Highlights & Insights

  • Most comprehensive multilingual knowledge editing benchmark to date: 53 languages \(\times\) 3 KE datasets in a unified format, covering a complete spectrum from standard to counterfactual and temporal scenarios.
  • The "Script Type > Language Family" finding offers new linguistic insights—the weakness of non-Latin scripts is a representation issue rather than a language family issue.
  • Systematic analysis of the language confusion phenomenon (models responding in English to non-Latin queries) provides a crucial reference for multilingual LLM research.
  • The design of the metric-specific exemplar strategy is simple yet highly effective, offering a "quality-first" rule of thumb for ICL research.

Limitations & Future Work

  • Only two models (Llama3.2-3B and Llama3.1-8B) were evaluated, excluding larger \(70\text{B}+\) scales or proprietary models like GPT-4.
  • Multilingual translation relies on GPT-4o, which may introduce systematic translation bias (especially in low-resource languages).
  • No direct comparison is made with gradient-based methods (e.g., ROME/MEMIT), making it difficult to evaluate the relative competitiveness of ICL-based methods.
  • Portability queries in WikiFactDiff are constructed based on automated knowledge graph reasoning, which may introduce noise.
  • Focusing solely on factual knowledge editing, the study does not cover the editing of reasoning rules or commonsense knowledge.
  • vs ROME/MEMIT: Gradient-based methods modify specific parameters, which is computationally expensive and inapplicable to closed-source models.
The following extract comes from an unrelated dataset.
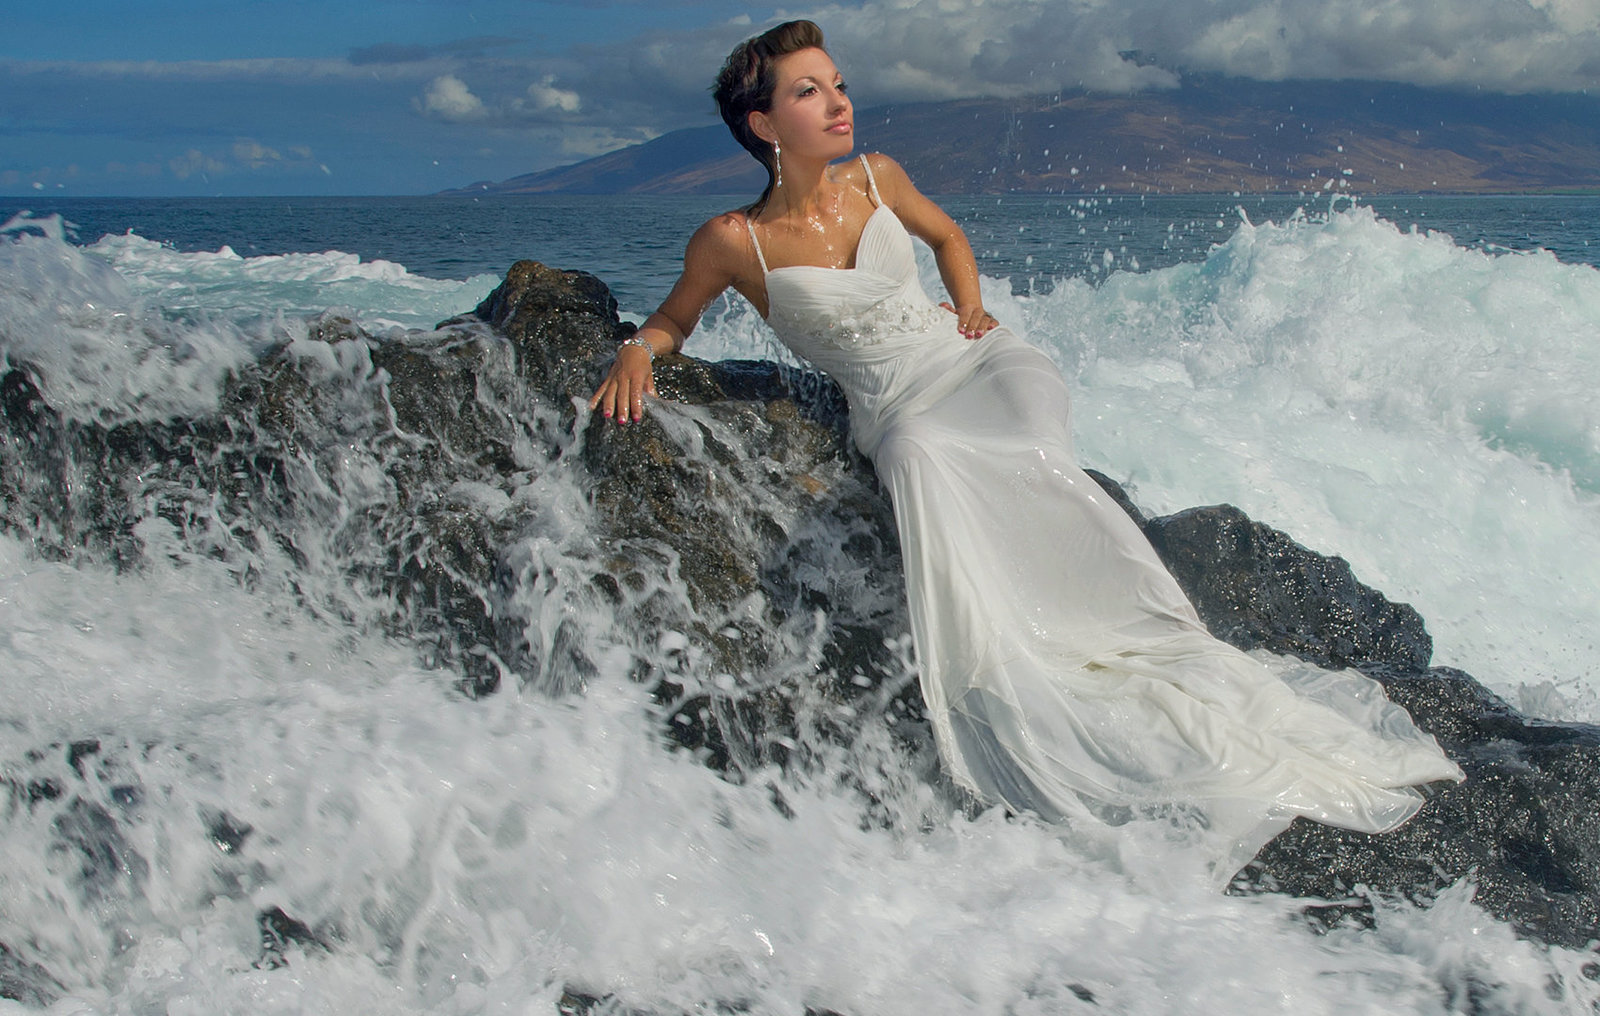 Wailea wedding photographers on Maui | Hawaii

The ICL-based method in this work introduces zero parameter updates but exhibits limited cross-lingual transfer capabilities.
  • vs ReMaKE: ReMaKE leverages retrieval-augmented generation for cross-lingual KE, but only targets batch editing scenarios, whereas this work covers a broader range of editing settings.
  • vs Beniwal et al. (EACL 2024): Prior cross-lingual KE works cover limited languages. This work scales to 53 languages and systematically analyzes the impact of legislative linguistic properties.
  • vs Multilingual ICL Studies: Lai et al. (2023) study the multilingual capabilities of English-centric LLMs, whereas this work focuses on cross-lingual transfer specifically in knowledge-editing scenarios.

Rating

  • Novelty: ⭐⭐⭐⭐ The first multilingual KE benchmark of this scale; the insights on script types are innovative.
  • Experimental Thoroughness: ⭐⭐⭐⭐ 53 languages, 3 datasets, 4 setups, and multi-dimensional analysis of linguistic attributes, though with a limited variety of model architectures.
  • Writing Quality: ⭐⭐⭐⭐ Clearly structured with progressive multi-dimensional analyses and rich diagrams.
  • Value: ⭐⭐⭐⭐ Directly contributes to the cross-lingual NLP and knowledge-editing communities, and the benchmark itself is highly reusable.